**Exercise:** With pictures excluded, output exactly the lines that run from the first line of the data below through the line containing "Dave Mustaine Says".

**Collected material:**
*** Begin section ***

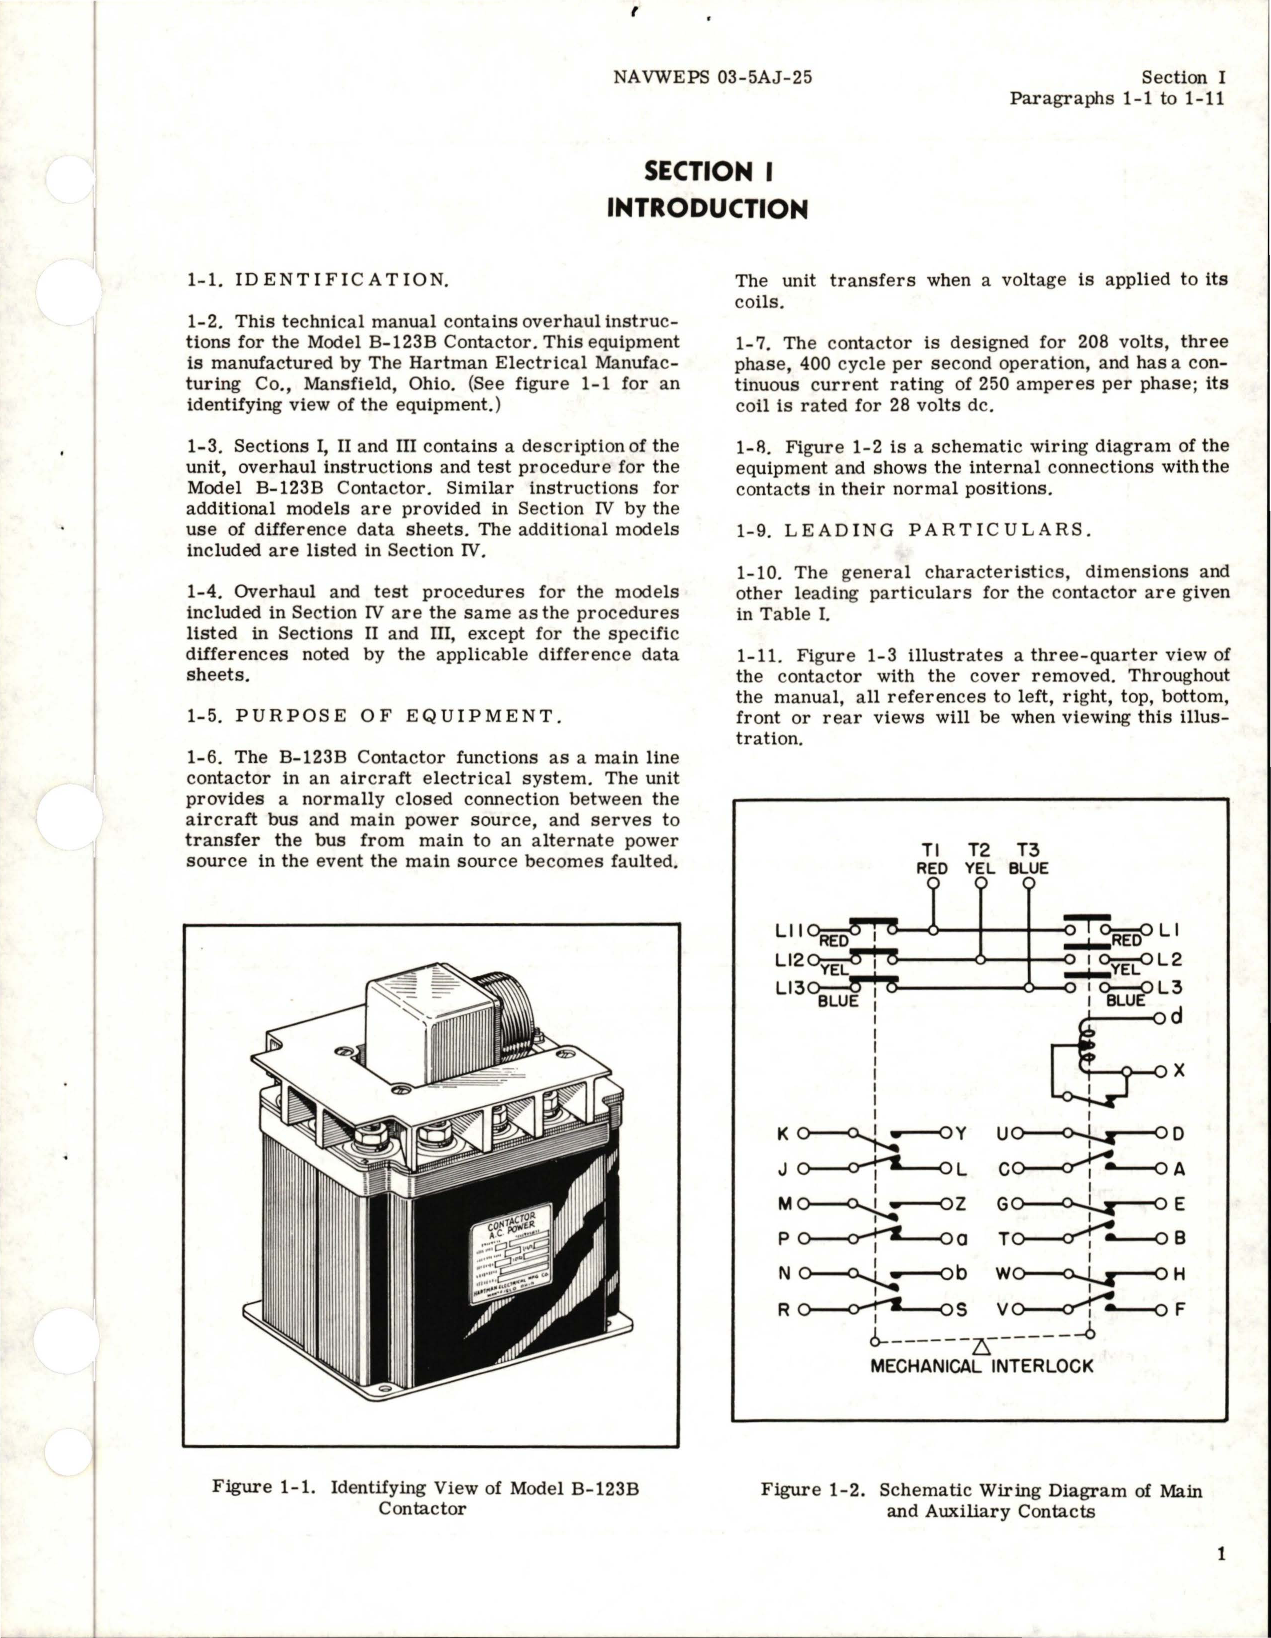 Sample page 5 from AirCorps Library document: Overhaul Instructions for Contactor - Model B-123B and B-123J
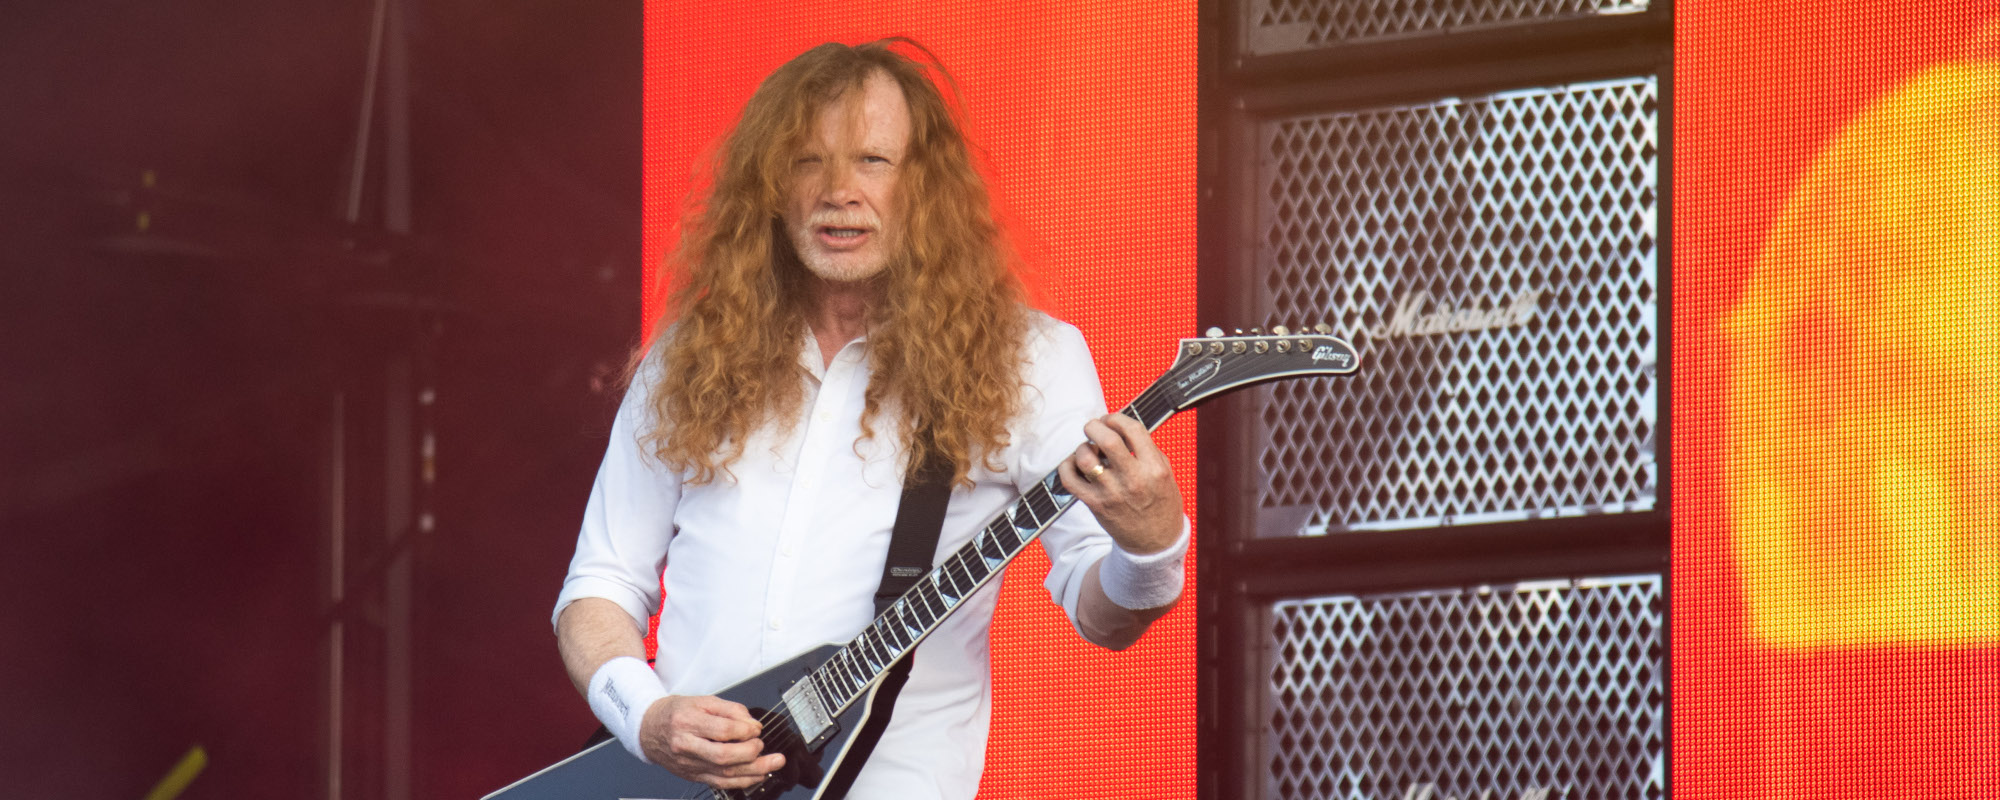 Dave Mustaine Says He’s “Watching the Sun Rise” on Megadeth’s Career
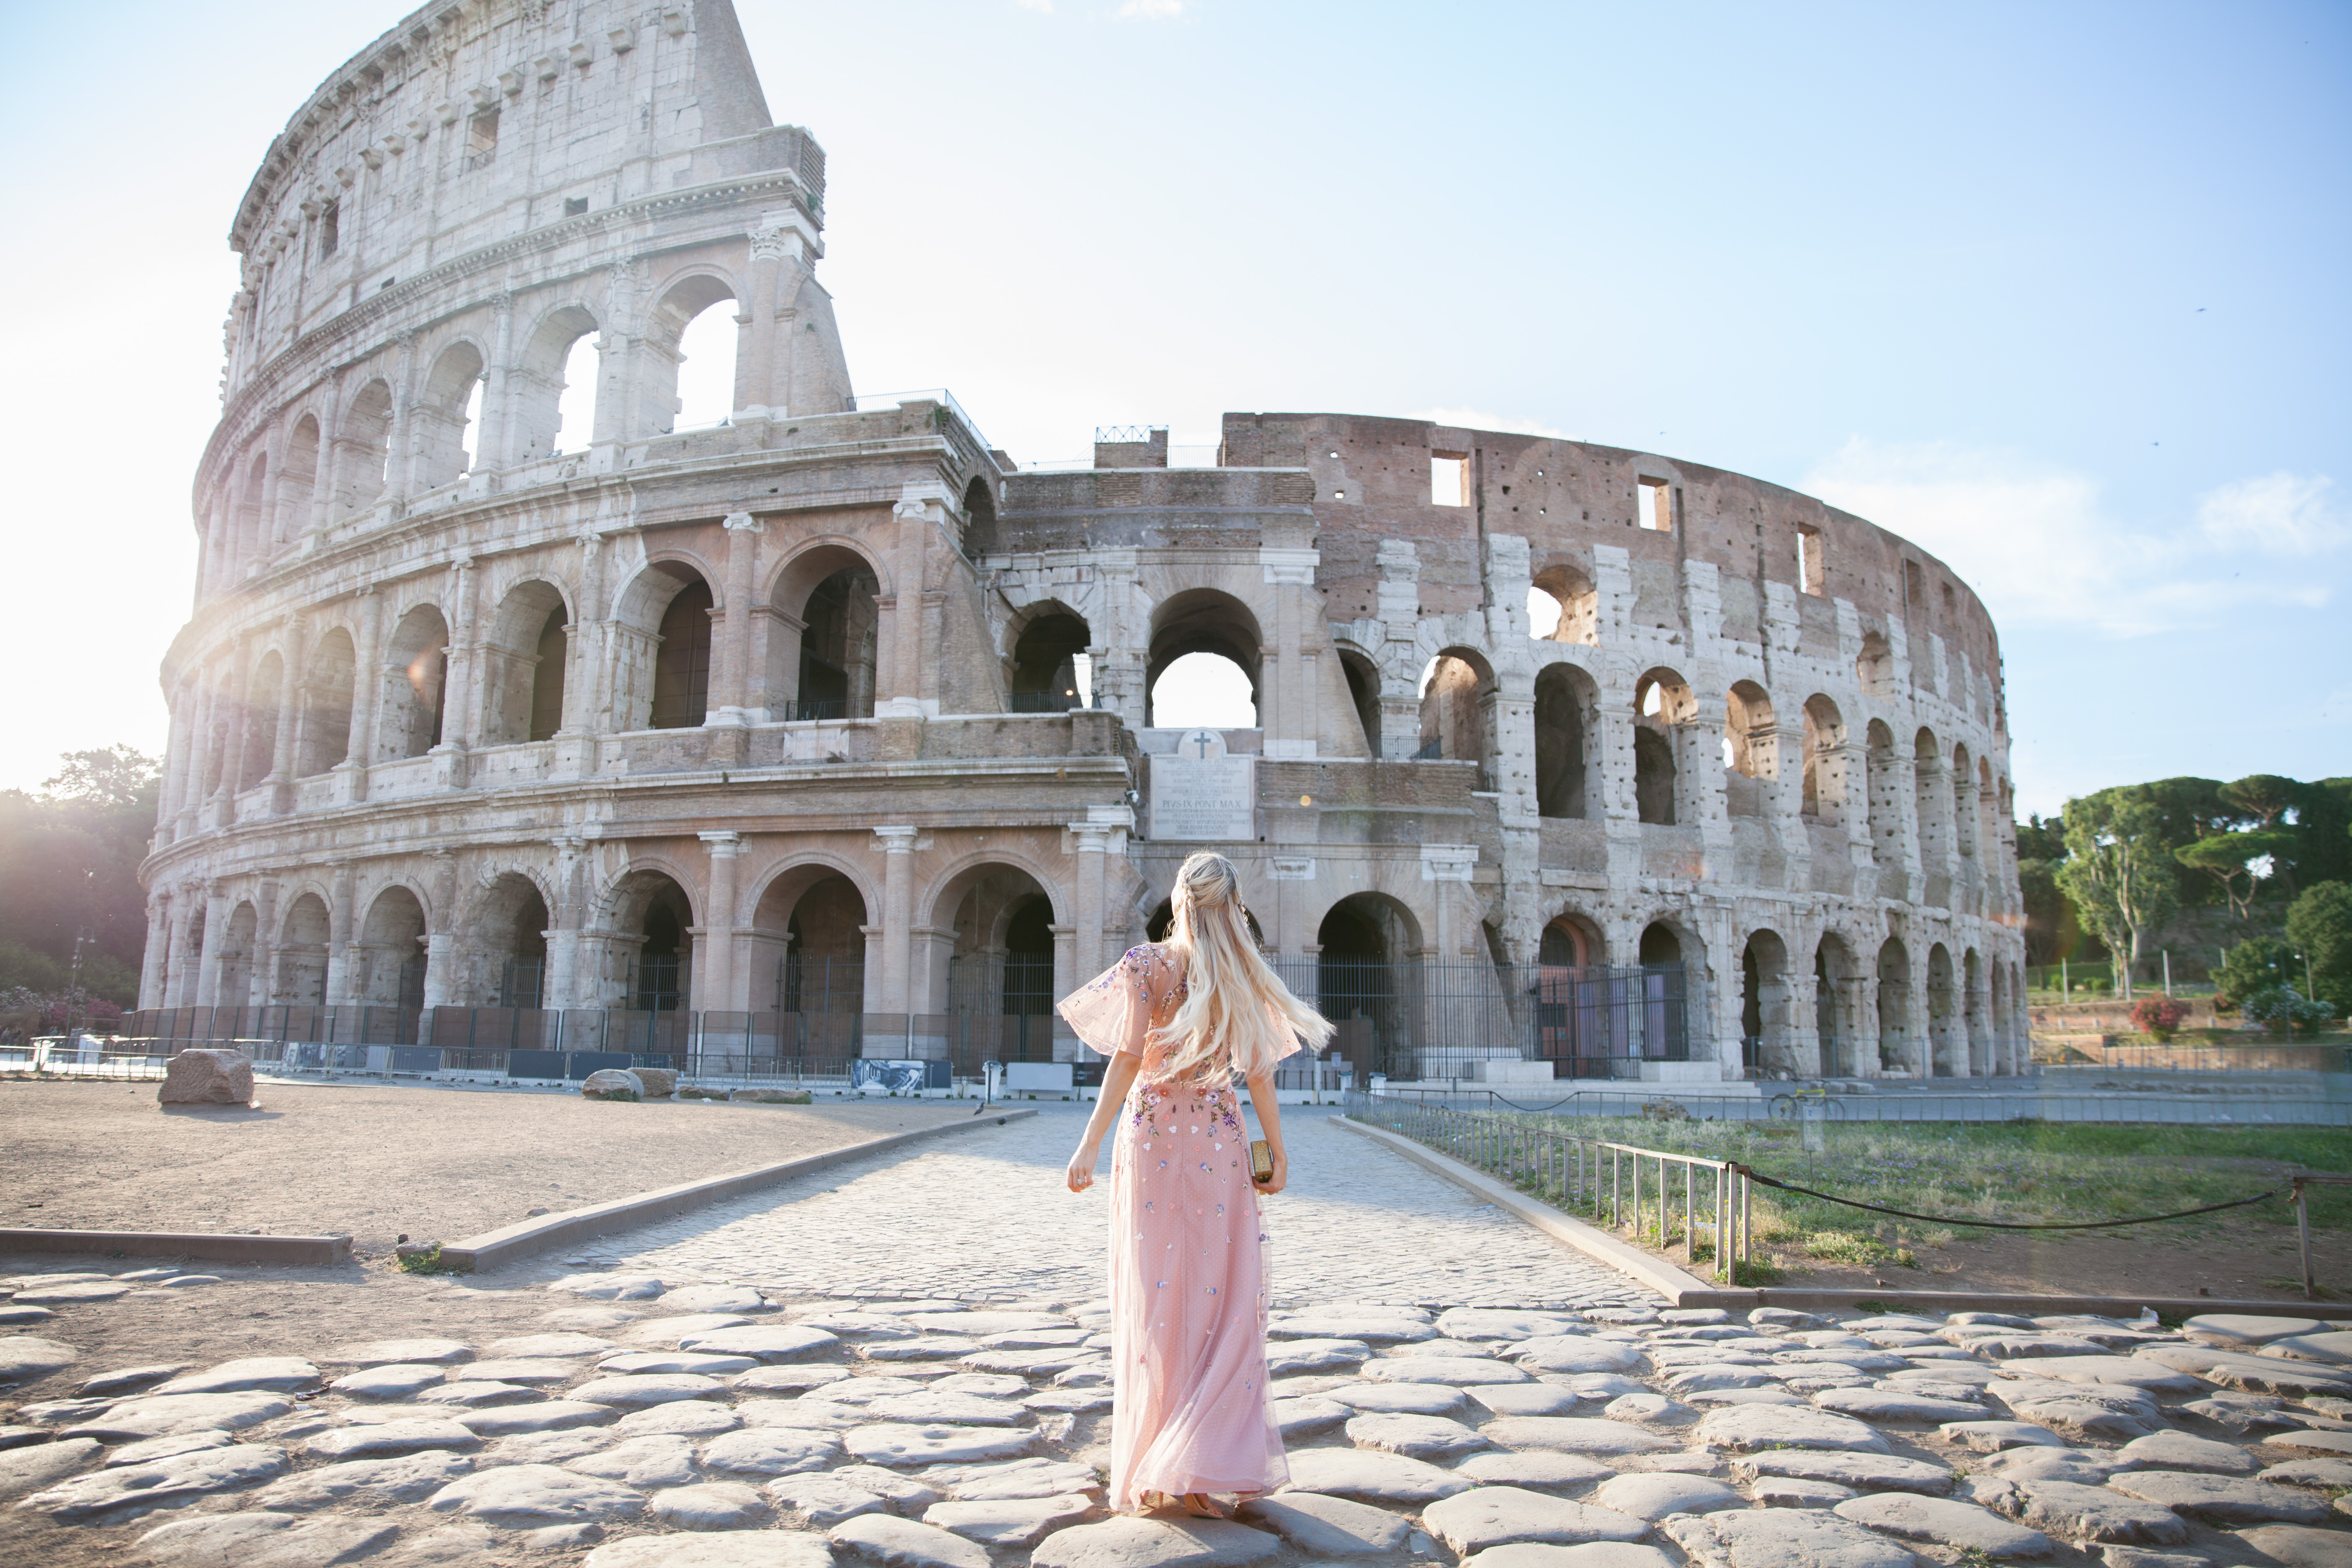 ASOS DESIGN Bridesmaid floral embroidered dobby mesh flutter sleeve maxi dress in Rome  | ASOS floral embroidered maxi dress featured by top San Francisco fashion blog, Lombard and Fifth: image of a blonde woman wearing a floral maxi dress at the Colosseum in Rome

*** End section ***

**Response box:**
 Sample page 5 from AirCorps Library document: Overhaul Instructions for Contactor - Model B-123B and B-123J
 Dave Mustaine Says He’s “Watching the Sun Rise” on Megadeth’s Career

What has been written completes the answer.